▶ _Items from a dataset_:
══════════════════════════════

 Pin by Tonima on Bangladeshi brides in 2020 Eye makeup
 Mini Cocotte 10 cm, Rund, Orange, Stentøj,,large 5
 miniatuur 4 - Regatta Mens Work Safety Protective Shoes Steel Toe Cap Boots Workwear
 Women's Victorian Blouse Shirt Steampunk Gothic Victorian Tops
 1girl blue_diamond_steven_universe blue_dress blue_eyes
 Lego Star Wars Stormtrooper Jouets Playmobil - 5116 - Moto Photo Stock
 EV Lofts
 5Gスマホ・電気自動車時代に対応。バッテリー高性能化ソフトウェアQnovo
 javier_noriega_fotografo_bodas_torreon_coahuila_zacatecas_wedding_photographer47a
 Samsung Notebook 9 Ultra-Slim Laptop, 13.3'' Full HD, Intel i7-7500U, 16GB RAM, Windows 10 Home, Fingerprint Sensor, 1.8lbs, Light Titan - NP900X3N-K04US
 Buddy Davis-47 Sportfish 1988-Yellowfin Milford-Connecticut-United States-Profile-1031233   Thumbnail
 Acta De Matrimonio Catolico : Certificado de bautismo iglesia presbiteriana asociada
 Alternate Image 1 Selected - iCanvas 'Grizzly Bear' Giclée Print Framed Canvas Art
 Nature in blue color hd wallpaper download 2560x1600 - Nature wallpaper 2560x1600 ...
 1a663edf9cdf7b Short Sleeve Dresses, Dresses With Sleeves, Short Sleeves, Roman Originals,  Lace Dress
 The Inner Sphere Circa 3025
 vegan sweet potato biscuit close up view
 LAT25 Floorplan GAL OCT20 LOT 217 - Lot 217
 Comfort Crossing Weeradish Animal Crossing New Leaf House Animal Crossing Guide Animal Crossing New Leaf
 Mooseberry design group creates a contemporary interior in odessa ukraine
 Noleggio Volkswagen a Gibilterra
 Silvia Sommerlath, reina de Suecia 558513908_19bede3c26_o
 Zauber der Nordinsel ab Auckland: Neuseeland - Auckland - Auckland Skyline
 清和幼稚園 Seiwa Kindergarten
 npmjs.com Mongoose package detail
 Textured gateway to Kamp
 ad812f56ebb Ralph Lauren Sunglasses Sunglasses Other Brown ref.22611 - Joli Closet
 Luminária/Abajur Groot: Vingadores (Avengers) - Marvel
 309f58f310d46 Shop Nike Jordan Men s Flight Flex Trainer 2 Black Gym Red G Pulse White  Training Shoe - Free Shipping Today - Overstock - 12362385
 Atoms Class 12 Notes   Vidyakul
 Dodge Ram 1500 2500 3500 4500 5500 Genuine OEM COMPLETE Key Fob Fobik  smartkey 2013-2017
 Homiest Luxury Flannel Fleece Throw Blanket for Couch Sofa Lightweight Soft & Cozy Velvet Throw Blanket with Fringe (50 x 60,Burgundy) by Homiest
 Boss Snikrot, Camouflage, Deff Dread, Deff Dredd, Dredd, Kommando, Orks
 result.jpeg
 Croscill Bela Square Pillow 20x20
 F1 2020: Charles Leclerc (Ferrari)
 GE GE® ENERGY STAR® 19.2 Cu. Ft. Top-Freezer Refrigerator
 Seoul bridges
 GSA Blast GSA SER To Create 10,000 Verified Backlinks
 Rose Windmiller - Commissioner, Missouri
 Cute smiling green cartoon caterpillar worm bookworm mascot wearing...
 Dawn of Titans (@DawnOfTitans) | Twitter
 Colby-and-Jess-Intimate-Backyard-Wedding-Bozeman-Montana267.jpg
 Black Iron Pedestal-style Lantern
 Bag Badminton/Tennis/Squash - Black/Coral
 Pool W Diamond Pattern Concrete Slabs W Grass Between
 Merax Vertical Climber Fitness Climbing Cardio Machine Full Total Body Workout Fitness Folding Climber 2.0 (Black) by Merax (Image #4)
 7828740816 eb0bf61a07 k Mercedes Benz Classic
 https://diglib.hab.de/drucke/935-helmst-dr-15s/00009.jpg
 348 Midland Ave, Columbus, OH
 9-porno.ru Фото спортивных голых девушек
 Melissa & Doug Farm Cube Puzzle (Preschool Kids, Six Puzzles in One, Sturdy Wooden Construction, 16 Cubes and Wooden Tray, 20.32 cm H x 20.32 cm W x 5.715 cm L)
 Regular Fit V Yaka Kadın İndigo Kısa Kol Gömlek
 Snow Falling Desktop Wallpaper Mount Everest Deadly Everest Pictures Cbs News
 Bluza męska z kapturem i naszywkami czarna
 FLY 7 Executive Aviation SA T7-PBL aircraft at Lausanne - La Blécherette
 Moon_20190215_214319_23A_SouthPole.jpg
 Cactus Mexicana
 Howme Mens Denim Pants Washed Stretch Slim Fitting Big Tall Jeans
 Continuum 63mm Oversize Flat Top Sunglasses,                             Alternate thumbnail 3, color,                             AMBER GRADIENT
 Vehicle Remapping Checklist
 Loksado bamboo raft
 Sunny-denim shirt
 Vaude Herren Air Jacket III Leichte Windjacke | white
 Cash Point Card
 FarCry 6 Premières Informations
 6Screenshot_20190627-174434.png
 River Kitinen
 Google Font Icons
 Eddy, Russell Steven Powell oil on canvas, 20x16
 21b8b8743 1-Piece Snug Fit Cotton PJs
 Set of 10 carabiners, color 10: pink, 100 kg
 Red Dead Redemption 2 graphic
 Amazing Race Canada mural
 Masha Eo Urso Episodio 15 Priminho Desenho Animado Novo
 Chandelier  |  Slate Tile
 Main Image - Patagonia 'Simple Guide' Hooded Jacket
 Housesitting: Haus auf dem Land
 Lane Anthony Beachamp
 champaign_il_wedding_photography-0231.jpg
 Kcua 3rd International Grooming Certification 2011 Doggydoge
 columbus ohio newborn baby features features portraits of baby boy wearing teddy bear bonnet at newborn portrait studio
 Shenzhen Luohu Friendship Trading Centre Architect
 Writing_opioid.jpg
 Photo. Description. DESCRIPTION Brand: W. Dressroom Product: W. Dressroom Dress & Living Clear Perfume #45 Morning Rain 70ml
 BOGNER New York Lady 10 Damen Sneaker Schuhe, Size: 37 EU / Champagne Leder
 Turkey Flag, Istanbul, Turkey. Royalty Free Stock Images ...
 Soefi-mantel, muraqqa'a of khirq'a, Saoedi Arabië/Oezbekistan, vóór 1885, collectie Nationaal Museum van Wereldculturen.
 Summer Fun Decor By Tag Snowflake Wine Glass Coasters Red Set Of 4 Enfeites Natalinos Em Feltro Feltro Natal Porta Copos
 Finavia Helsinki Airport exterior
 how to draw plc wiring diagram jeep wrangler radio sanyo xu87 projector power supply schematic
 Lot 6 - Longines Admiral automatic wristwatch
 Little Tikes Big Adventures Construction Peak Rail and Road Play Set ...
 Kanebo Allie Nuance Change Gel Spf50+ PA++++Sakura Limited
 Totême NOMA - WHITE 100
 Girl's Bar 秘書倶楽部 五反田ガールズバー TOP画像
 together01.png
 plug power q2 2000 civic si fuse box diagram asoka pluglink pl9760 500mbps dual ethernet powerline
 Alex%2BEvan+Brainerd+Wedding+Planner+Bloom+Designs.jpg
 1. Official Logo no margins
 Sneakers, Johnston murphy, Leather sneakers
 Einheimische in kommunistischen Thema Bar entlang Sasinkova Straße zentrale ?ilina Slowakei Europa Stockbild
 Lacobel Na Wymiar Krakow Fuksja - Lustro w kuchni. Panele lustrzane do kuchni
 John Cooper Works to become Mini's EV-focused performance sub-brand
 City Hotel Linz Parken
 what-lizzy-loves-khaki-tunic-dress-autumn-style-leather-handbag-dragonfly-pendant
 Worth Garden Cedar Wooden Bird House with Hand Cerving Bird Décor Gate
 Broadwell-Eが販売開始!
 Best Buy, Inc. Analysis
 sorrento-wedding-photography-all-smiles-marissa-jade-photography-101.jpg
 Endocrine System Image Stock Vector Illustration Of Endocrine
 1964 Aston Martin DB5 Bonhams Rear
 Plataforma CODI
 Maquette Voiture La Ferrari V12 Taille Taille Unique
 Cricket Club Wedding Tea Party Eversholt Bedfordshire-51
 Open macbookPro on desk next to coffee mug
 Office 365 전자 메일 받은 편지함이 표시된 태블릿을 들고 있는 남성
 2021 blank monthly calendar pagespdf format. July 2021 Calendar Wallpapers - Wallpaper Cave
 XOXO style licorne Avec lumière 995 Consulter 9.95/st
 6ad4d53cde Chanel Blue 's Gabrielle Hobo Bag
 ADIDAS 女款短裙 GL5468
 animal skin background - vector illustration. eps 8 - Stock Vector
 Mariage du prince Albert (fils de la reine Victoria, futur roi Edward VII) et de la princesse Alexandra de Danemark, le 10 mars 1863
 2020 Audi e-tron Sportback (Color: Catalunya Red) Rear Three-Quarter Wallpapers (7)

══════════════════════════════

▶ _TASK TO COMPLETE_: Look over the records. Copy the lines that include the word "Ferrari".

▶ _WRITTEN SOLUTION_:
 F1 2020: Charles Leclerc (Ferrari)
 Maquette Voiture La Ferrari V12 Taille Taille Unique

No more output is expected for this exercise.